AI Made Software Faster. It Didn't Make It Instant.
There's a growing belief that AI has made shipping software almost trivial. Push a button, get a product. Need a feature? Ten minutes.
It's not true.
Yes, AI accelerates parts of the process — writing code, drafting tests, and scaffolding services. But software, like any real product, lives or dies on the decisions around it: architecture, scale, reliability, users, operations. None of that goes away because the typing got faster.
The Hotel
Imagine you're building a hotel. You start with three rooms. Water pressure is fine. Electricity, A/C, TV, internet — all sized for three rooms. Guests are happy.
Demand grows. You want to serve more people. So you build more rooms.
Now showers run dry in the morning. The power flickers. The Wi-Fi crawls. Costs creep up, and you can't tell why. You doubled your rooms and doubled your problems — because you only thought about rooms, not the system underneath them.

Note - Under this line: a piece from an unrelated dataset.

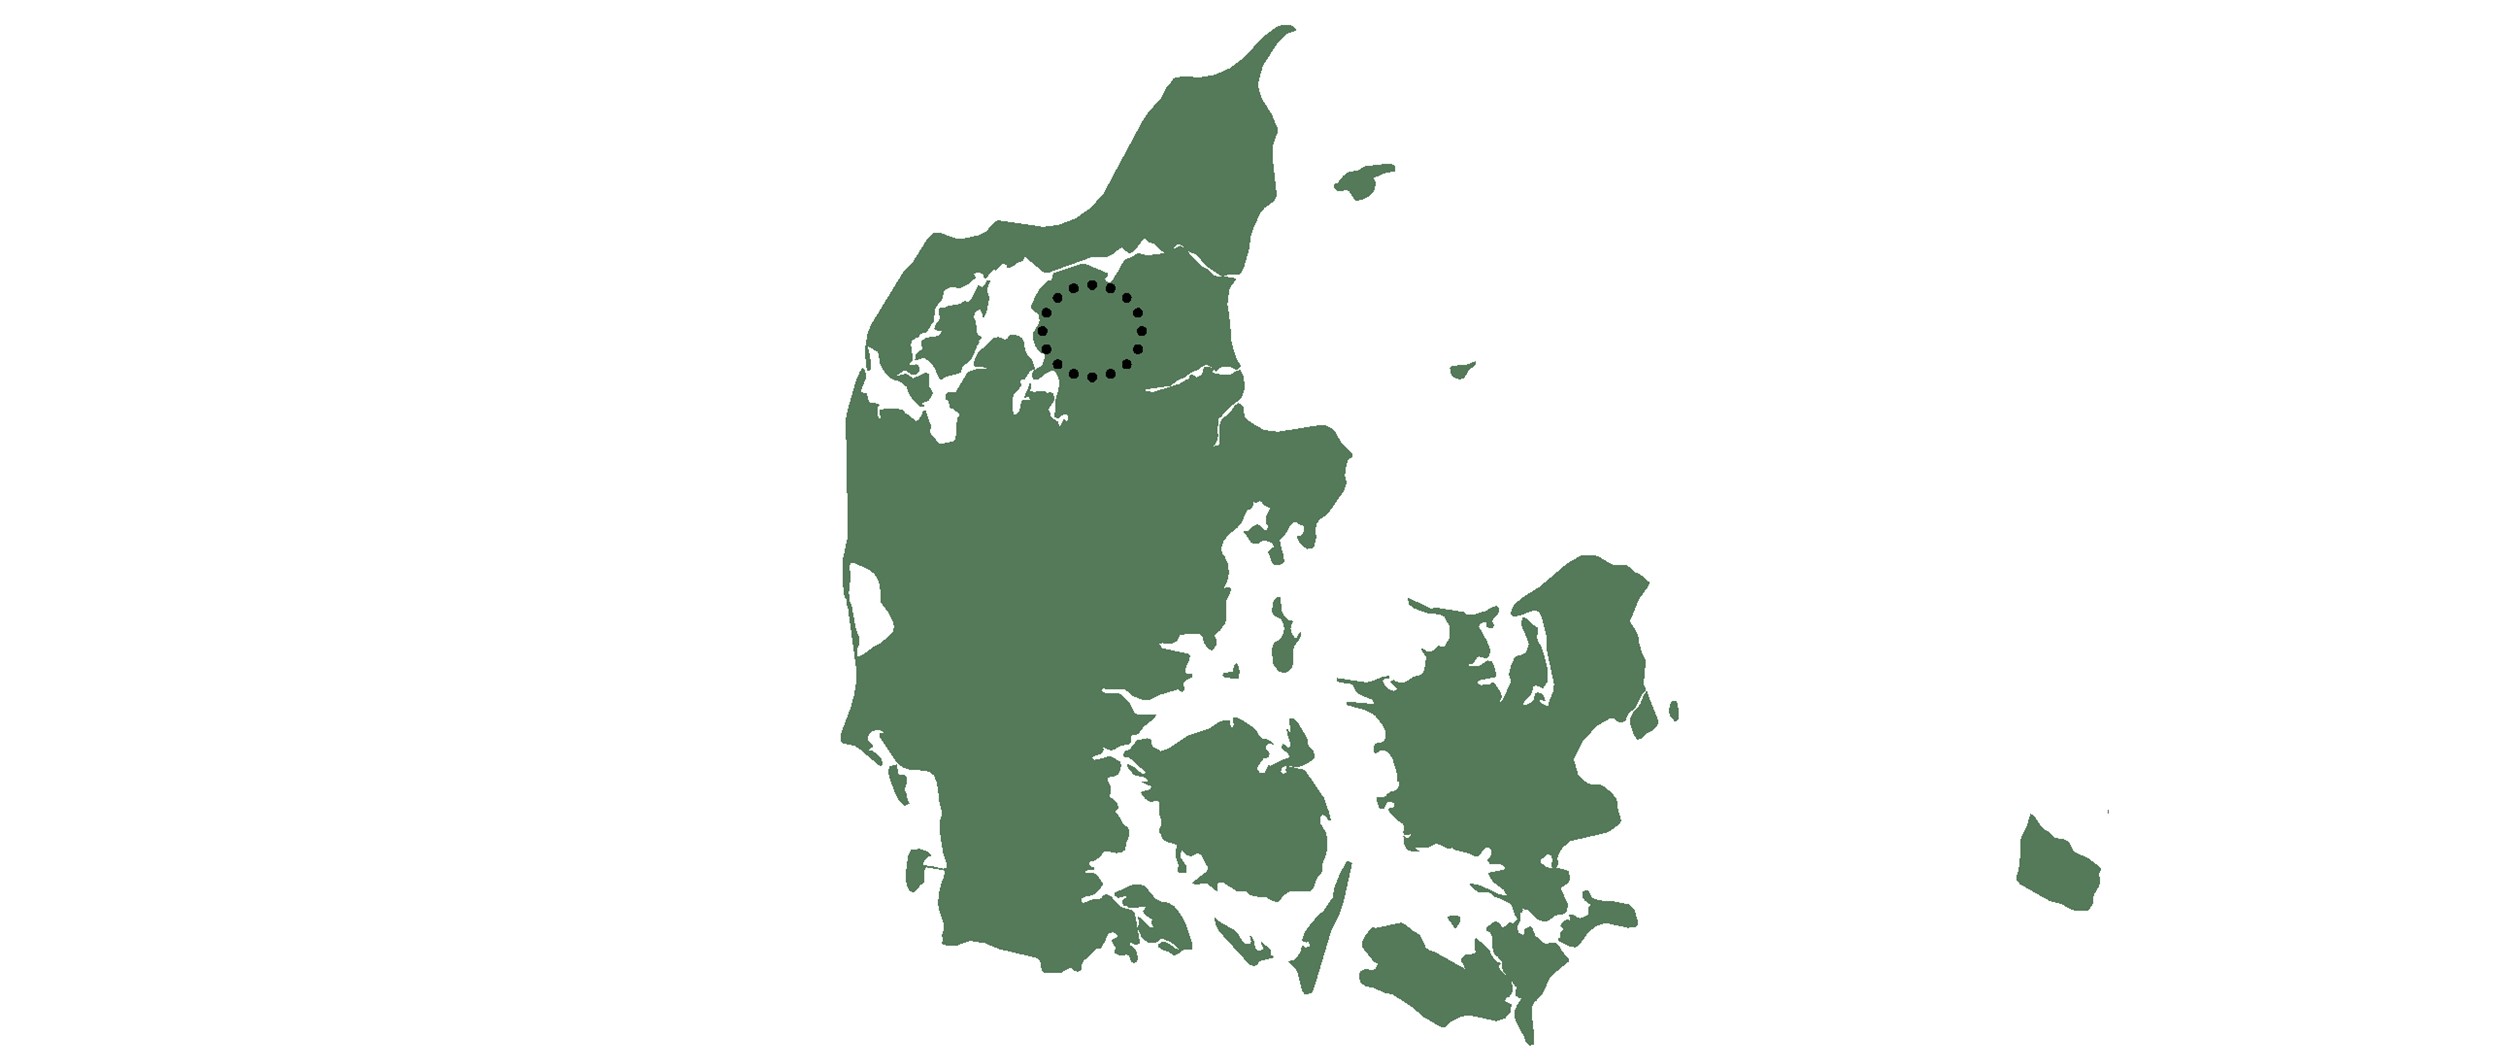 Projektet er beliggende i Aars, som er den største by i Vesthimmerlands kommune.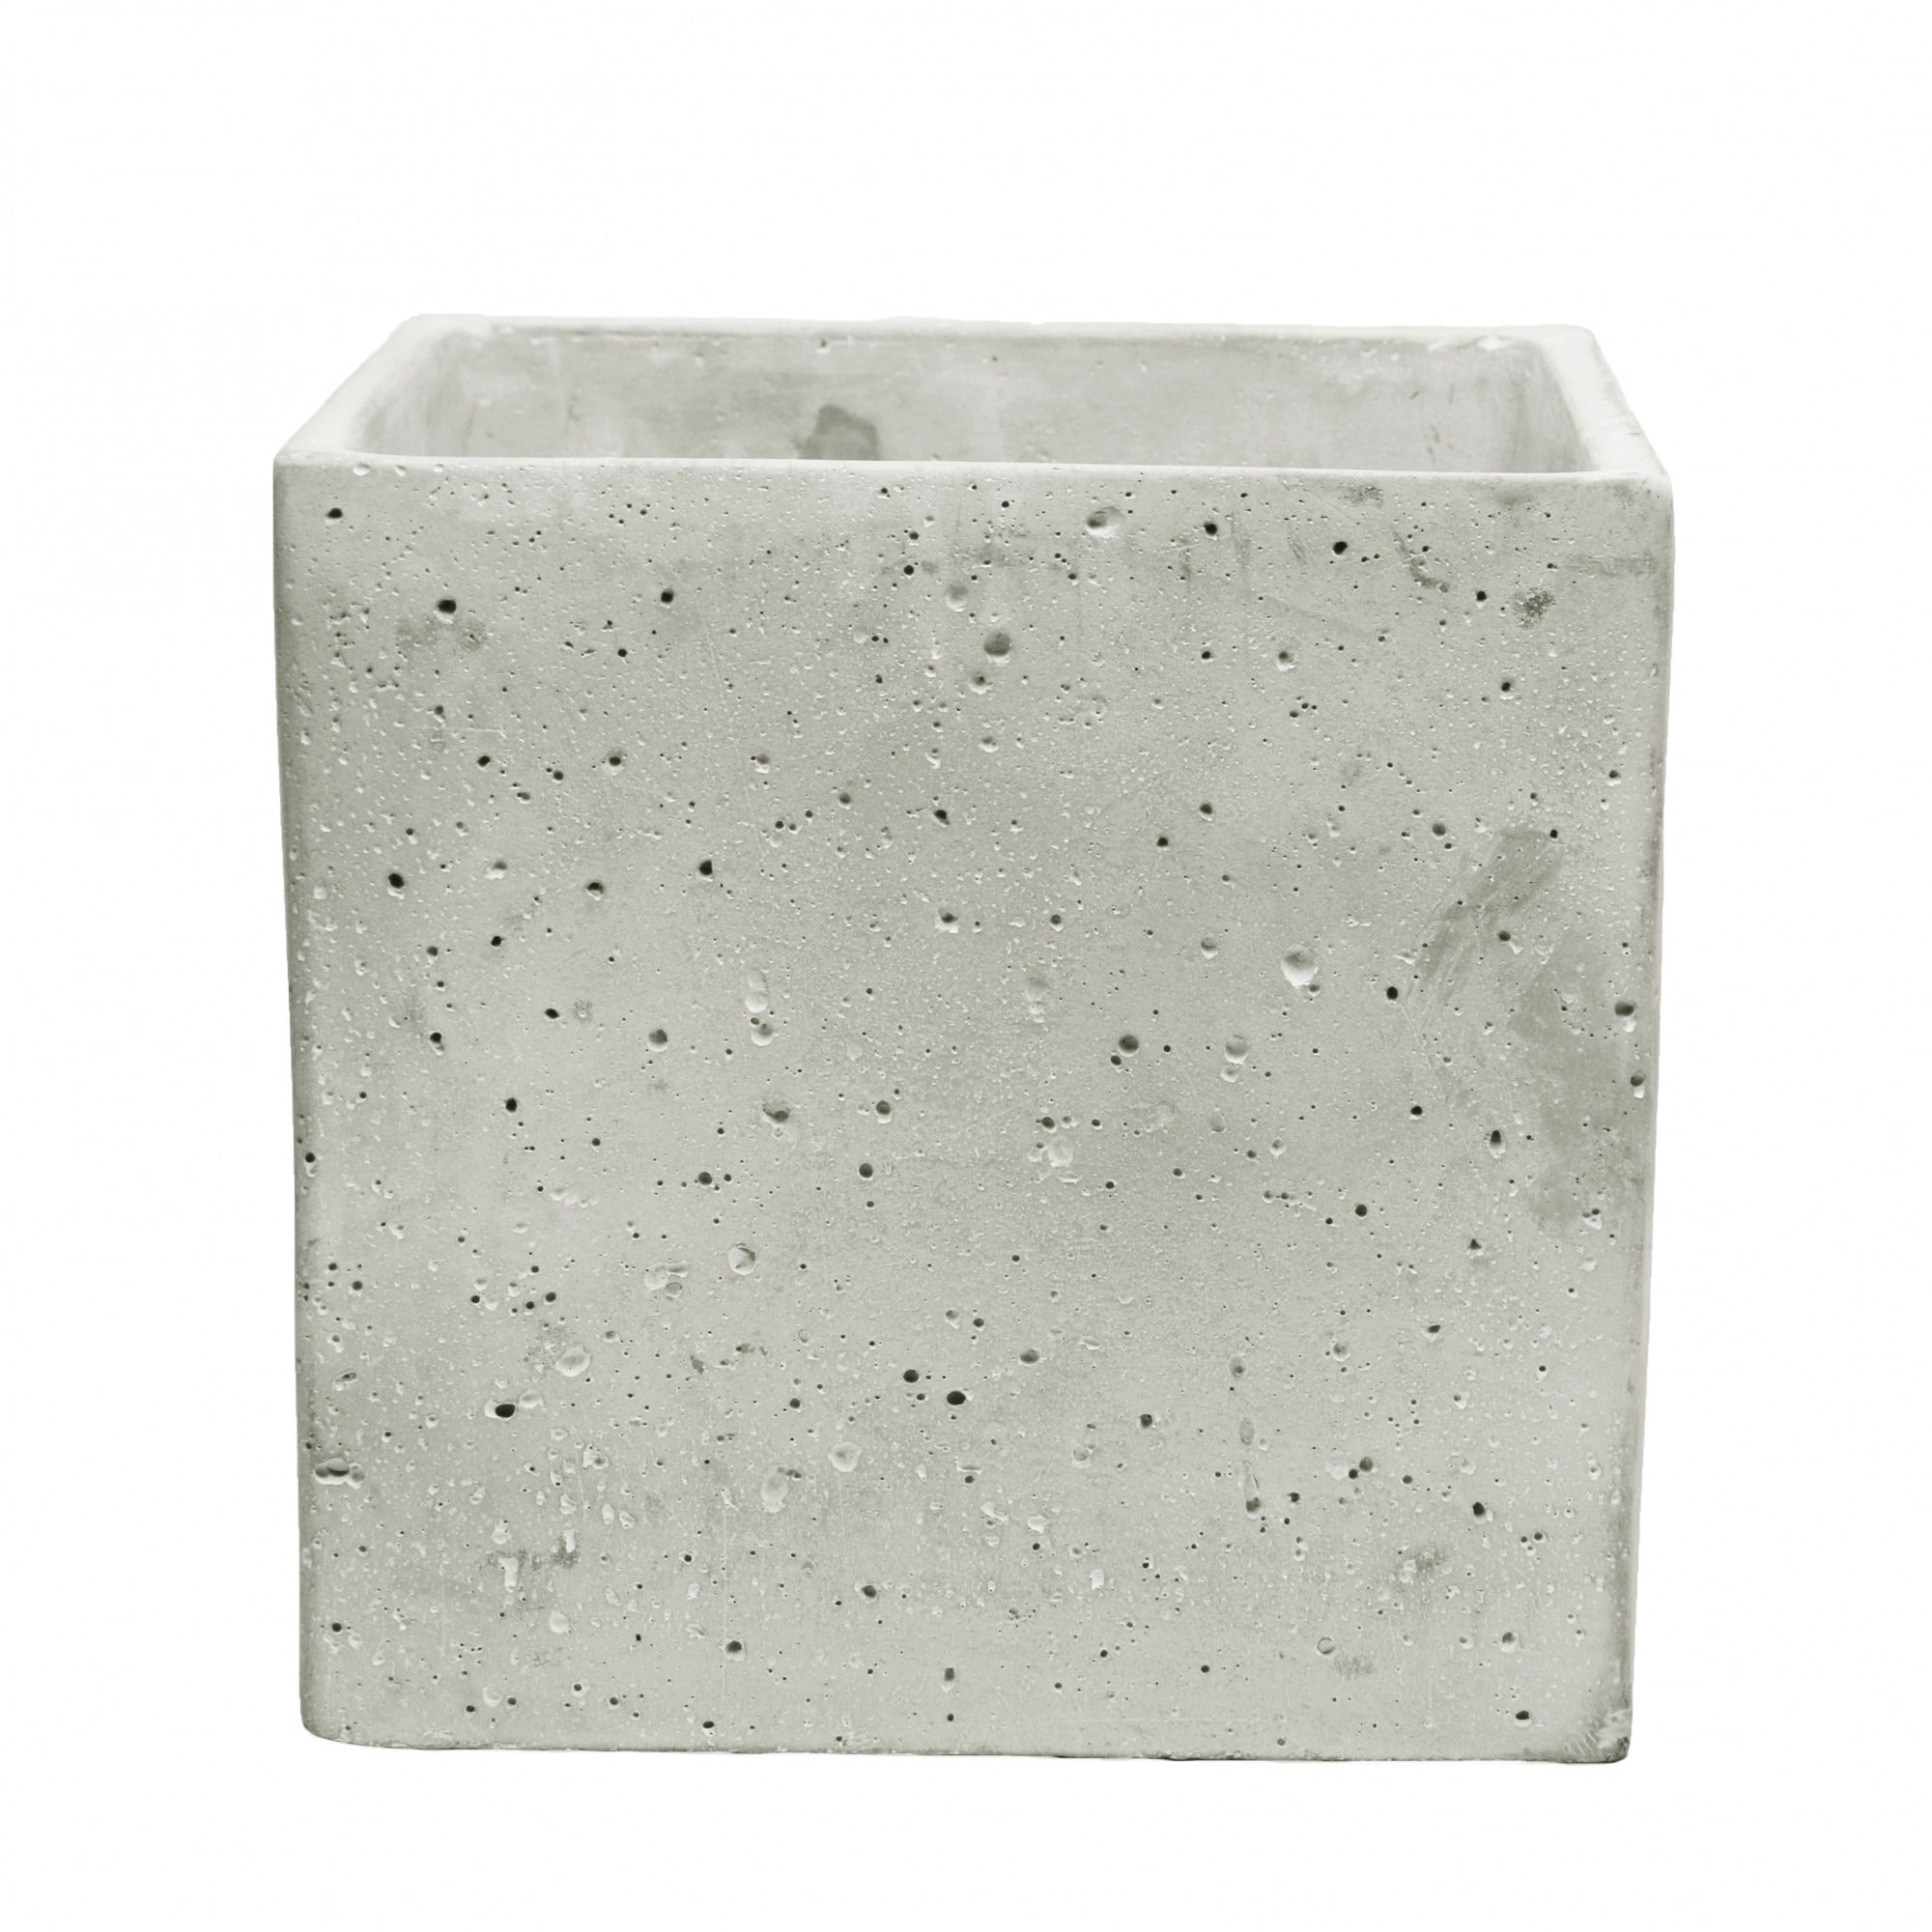 View Square Cement Flower Pot 18cm information

Software works the same way. Adding features, users, and clients isn't free. Every layer below — infrastructure, data, monitoring, on-call, support — has to grow with it. Skipping that conversation doesn't make it disappear. It shows up later as an outage, a cost spike, or a lost customer.
What to Do With This
If you're non-technical, the takeaway isn't "slow down engineering." It's: ask what's underneath the room. What does the next 10x of users actually require? Who owns it? When does it break?
If you're technical, the same applies in reverse. Sales need speed. Ops needs security. Finance needs predictability. Their constraints are as real as yours.
The fastest companies aren't the ones that ignore the trade-offs. They're the ones where every side sees the others' problems clearly enough to decide together.
Recommended reading: The Phoenix Project, by Gene Kim.